Content starts

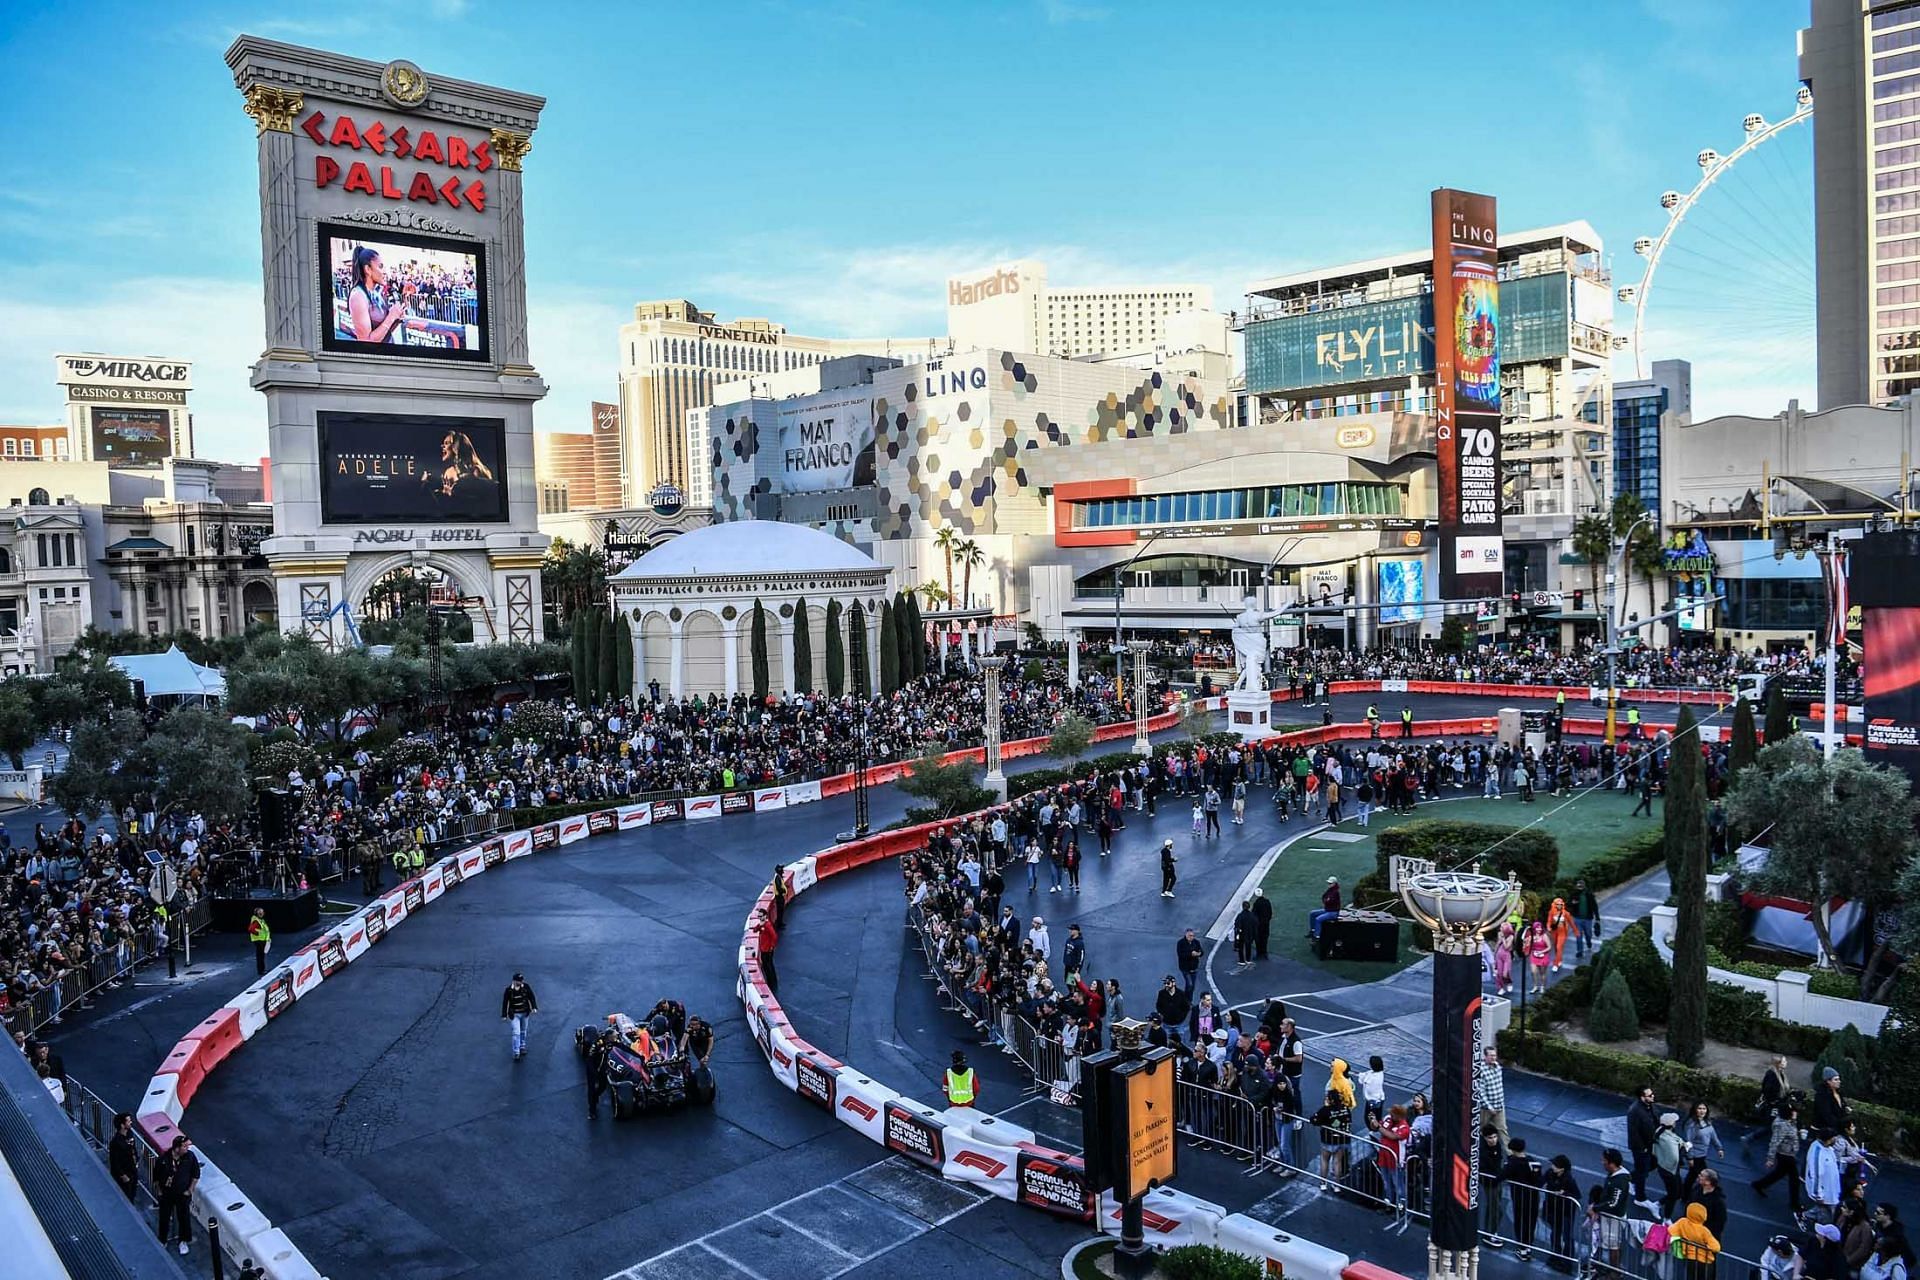 F1 could help Las Vegas to become the car capital of the U.S
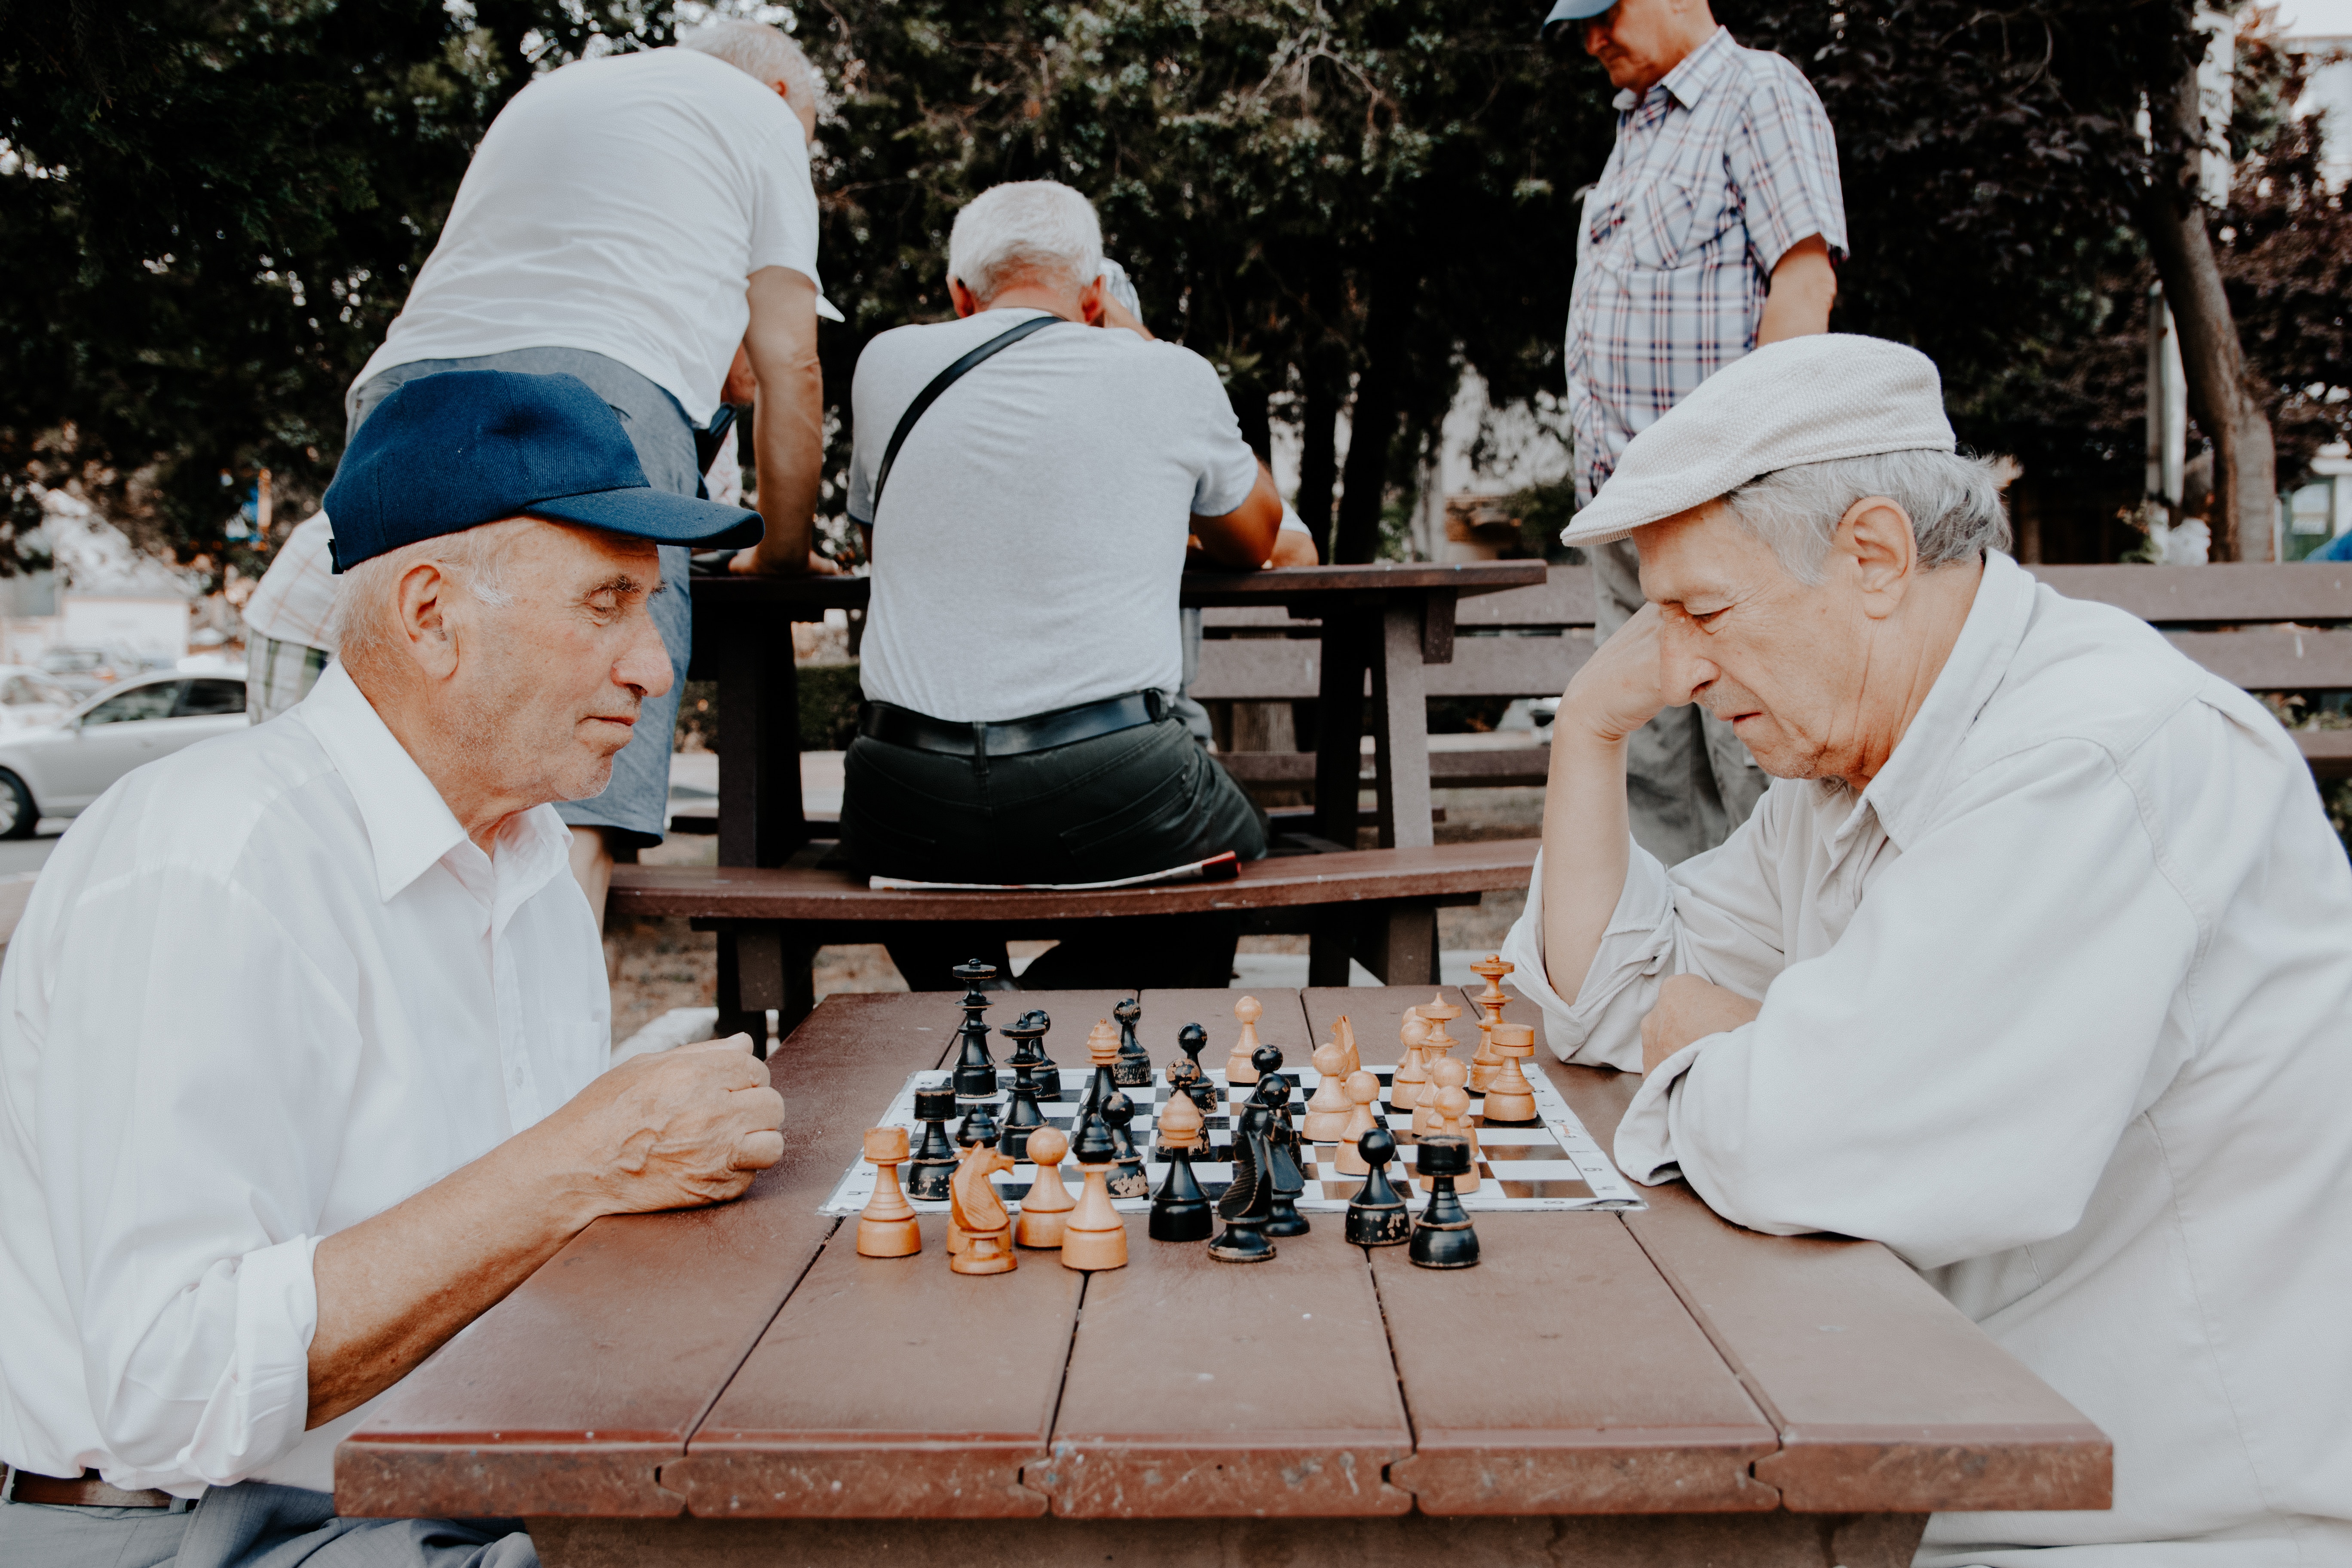 Two older men sit across from one another at a picnic table outside and are playing chess.
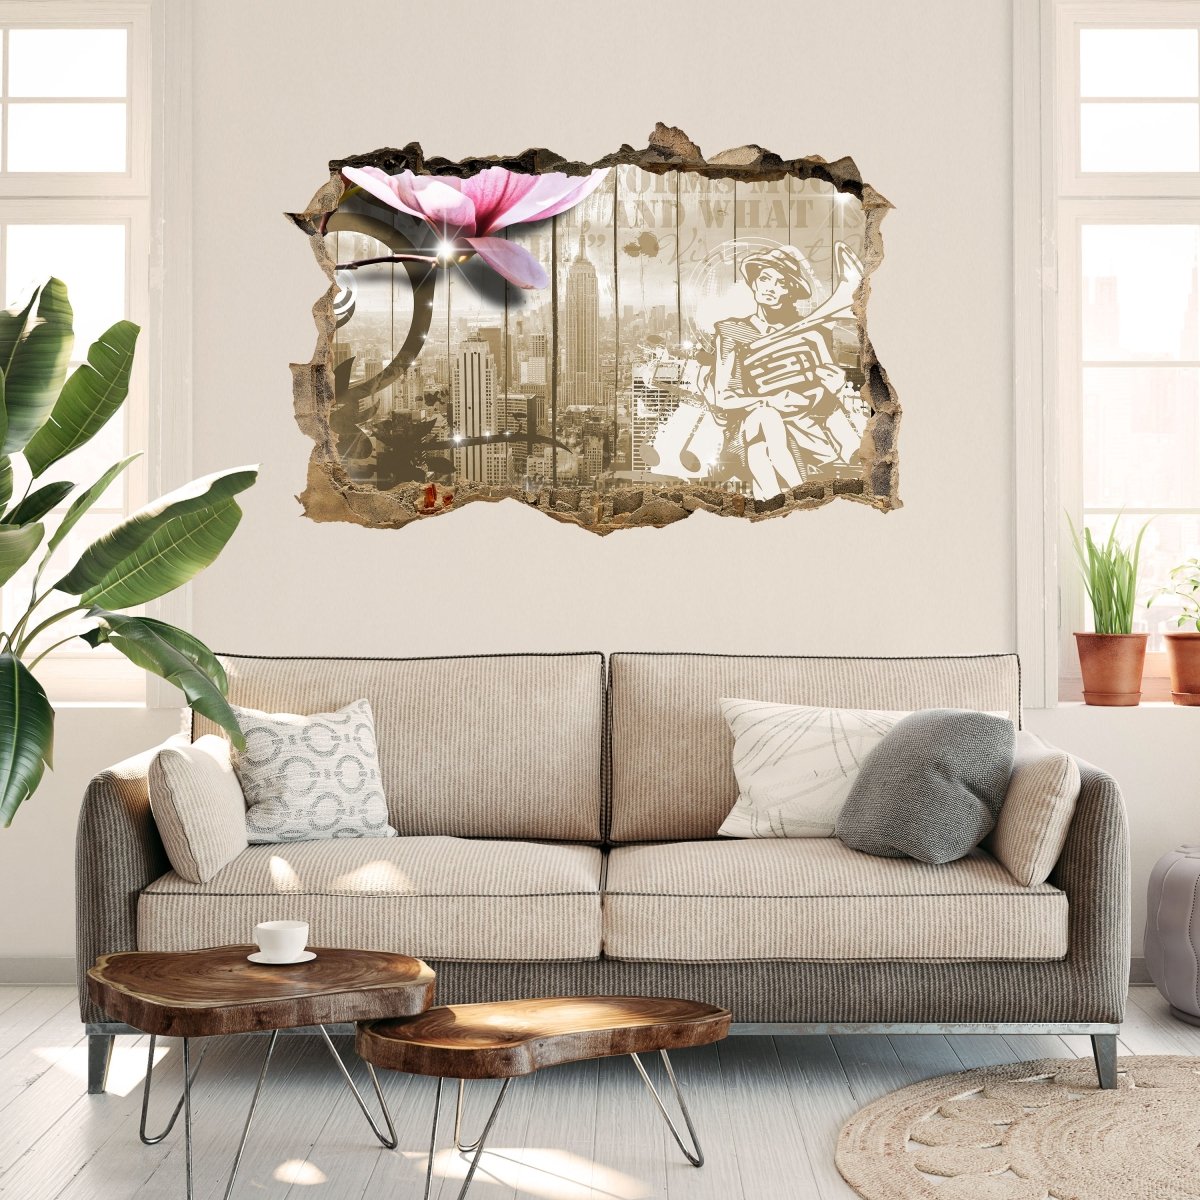 Music Vintage Blossoms New York 3D Wall Sticker - Wall Decal M0548

Content ends

▶ ACTION ITEM: Transcribe the listing in full and omit the pictures.

▶ RESPONSE AREA:
 F1 could help Las Vegas to become the car capital of the U.S
 Two older men sit across from one another at a picnic table outside and are playing chess.
 Music Vintage Blossoms New York 3D Wall Sticker - Wall Decal M0548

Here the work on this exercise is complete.